Top Marine: Some troops will stay in Afghanistan past 2014

A top Marine Corps general overseeing coalition forces in Afghanistan on Monday warned against a hasty retreat from the country and revealed that specialists in several areas will have to remain past the 2014 Obama withdrawal because Afghan troops won’t be up to speed in key areas.

Maj. Gen. John Toolan, on a short publicity tour to talk up the successes in Afghanistan as some lawmakers push to cut the mission short, told an Atlantic Council audience that specialists in intelligence, battlefield medicine, artillery, criminal investigation and special operations will have to stay on past 2014 when Afghan troops and police are supposed to take over in the war on the Taliban.

“They are going to need our support,” said the commander of 2nd Marine Division.

Toolan said that while Afghan troops excel at human intelligence, they don’t have the surveillance and reconnaissance capabilities that U.S. forces have. He said that the coalition has been providing battlefield medical support, and they don’t have the doctors and medics ready to take over.

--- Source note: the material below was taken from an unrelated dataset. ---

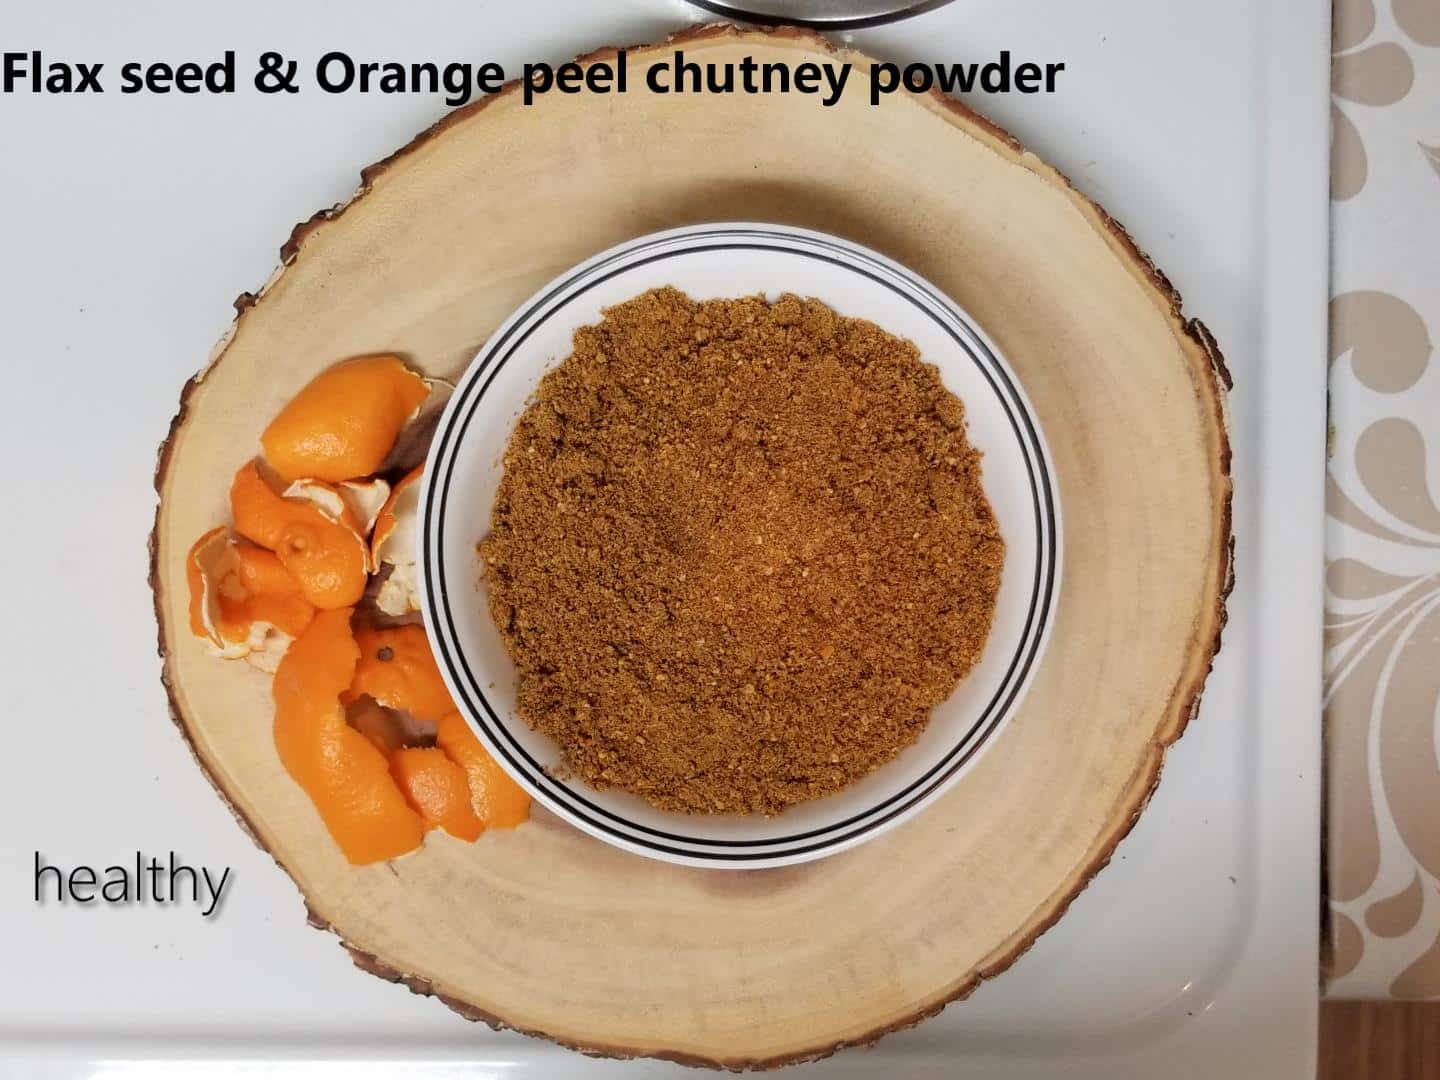 Flax seed chutney powder | Flaxseed chutney powder | Health benefits of flax seed

More critically, he said that American “fire support” should stay past 2014 because an imprecise shot could kill innocents, undermining the government’s efforts.

“An errant round, an errant bomb, could just exacerbate the whole problem again, so that’s going to have to stick around for awhile,” said Toolan, who recently returned from a yearlong deployment as commander of II Marine Expeditionary Force Forward and Regional Command Southwest in the Helmand and Nimroz provinces.

Toolan provided a positive report on the successes in formerly war-torn Helmund Province but warned that a hasty exit and local corruption threaten to reverse U.S. advances. He left the impression that Afghan military, police and even local leaders feel empowered to take control of their neighborhoods thanks to the support of the coalition forces, who are slowly pulling back.

He did have some harsh words for France, which has threatened to withdraw prematurely due to troop attacks, and Pakistan, which has ignored his requests to brake the influx of “lethal aid” into Afghanistan for Taliban fighters.

Toolan also asked the media and public to look at the larger victories in Afghanistan and not be detoured by the rare, though deadly, attacks that make headlines. He conceded that there are “insider threats” from Taliban suicide bombers, but that for every deadly attack that gets worldwide attention, there are 100 other events that tighten the bonds between Americans, coalition forces and the Afghans. “We have built a pretty strong bond and that needs to continue,” said Toolan.